## Input data
§ §

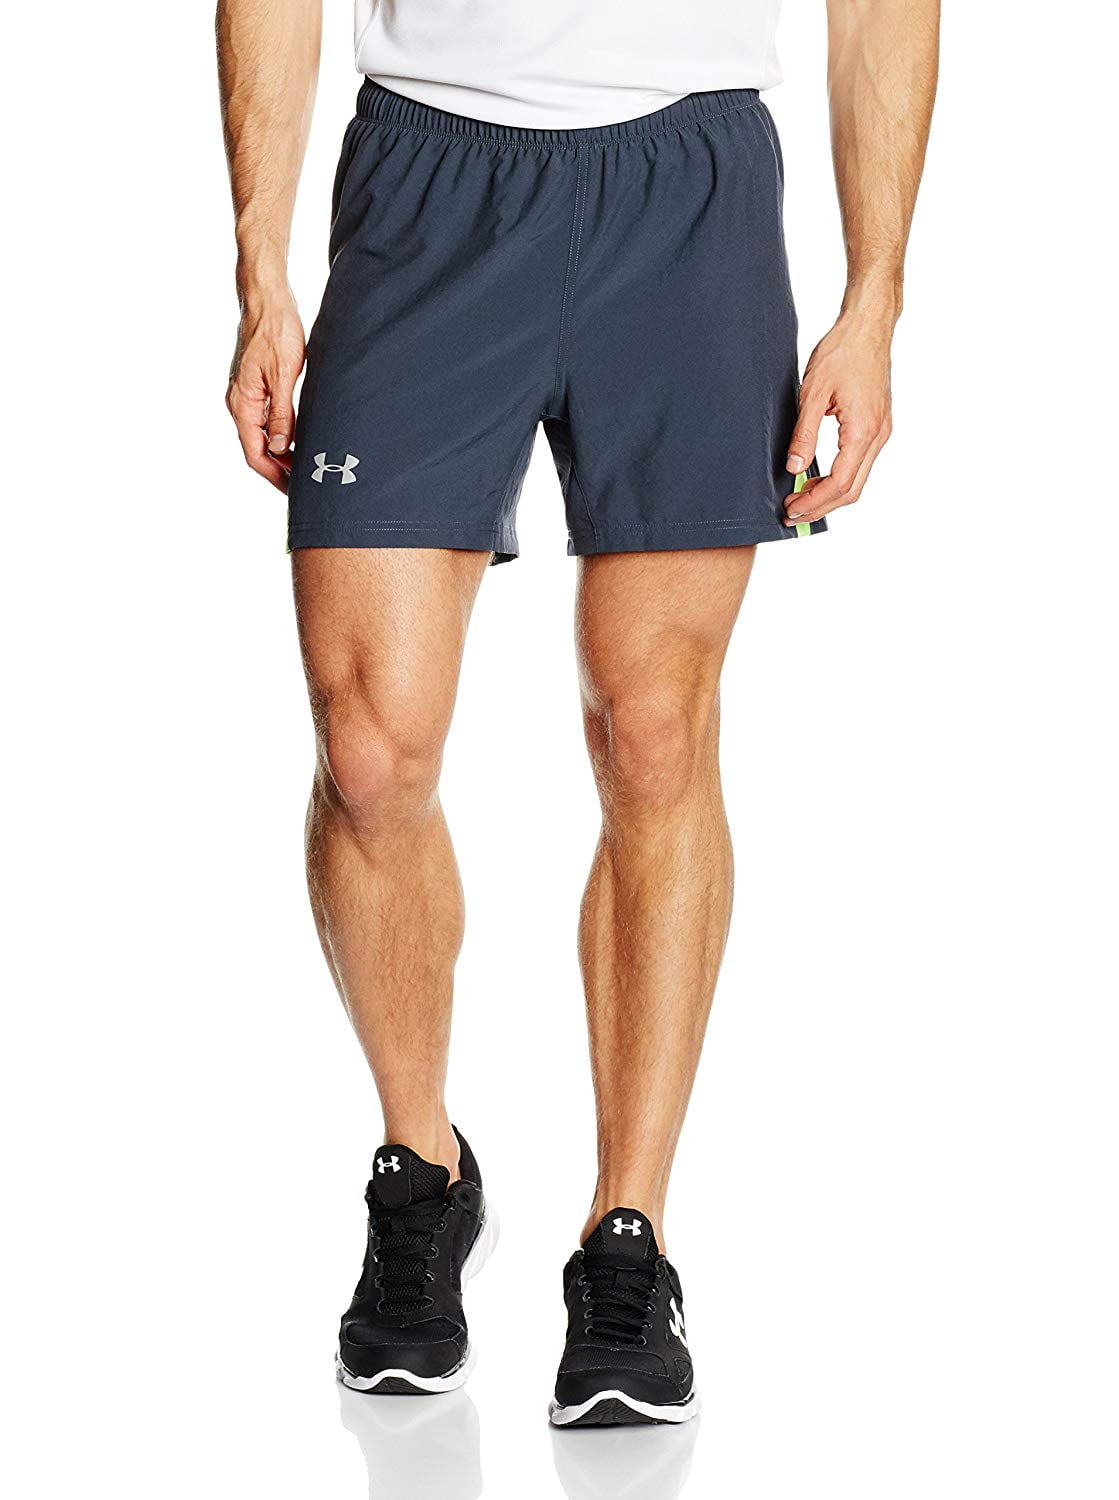 under armour running shorts with liner
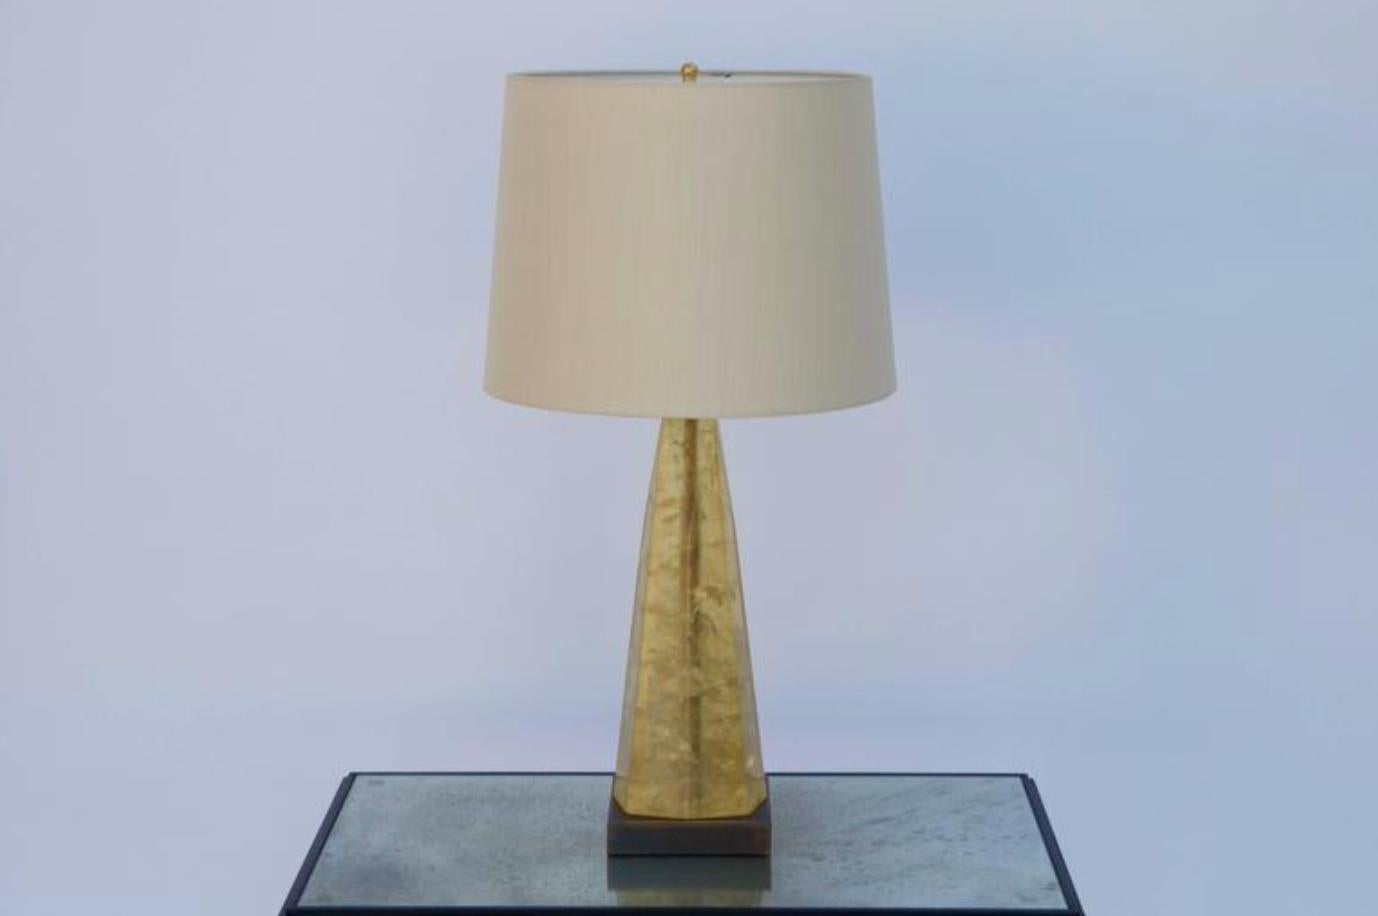 Fractal resin lamp in the style of Marie-Claude de Fouquières, circa 1975. Obelisk shaped fractal resin column over a patinated brass base. Rewired with custom cream silk shade and matching top diffuser. Very chic lamp.

Shade measurement : 14'
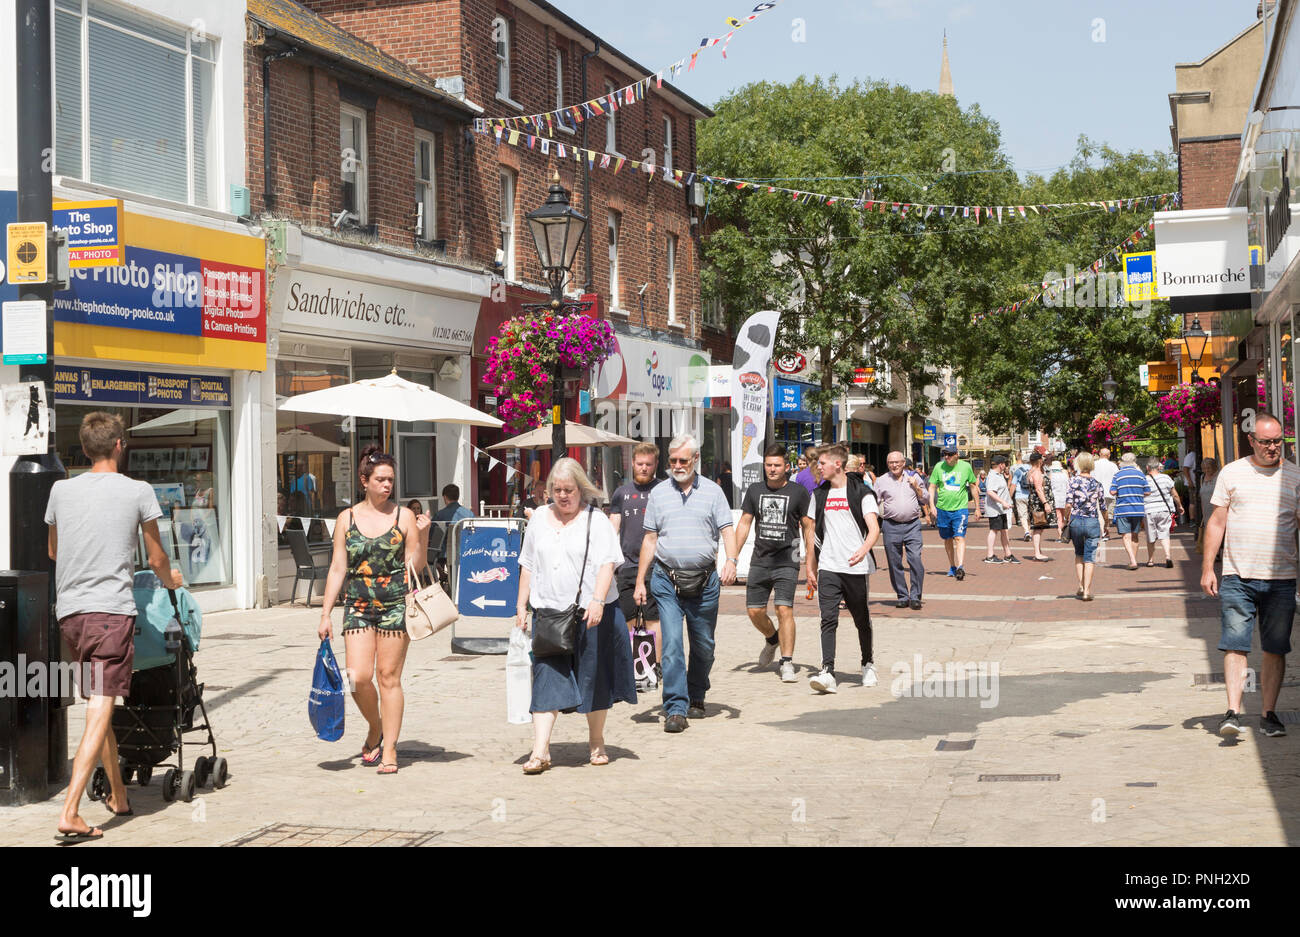 People shopping in pedestrianised High Street area, Poole, Dorset, England, UK Stock Photo

§ §

Reproduce the data above word for word from its first line through the line that holds "Shade measurement : 14'", both ends included; skip pictures.

## Result of this exercise
 under armour running shorts with liner
 Fractal resin lamp in the style of Marie-Claude de Fouquières, circa 1975. Obelisk shaped fractal resin column over a patinated brass base. Rewired with custom cream silk shade and matching top diffuser. Very chic lamp.

Shade measurement : 14'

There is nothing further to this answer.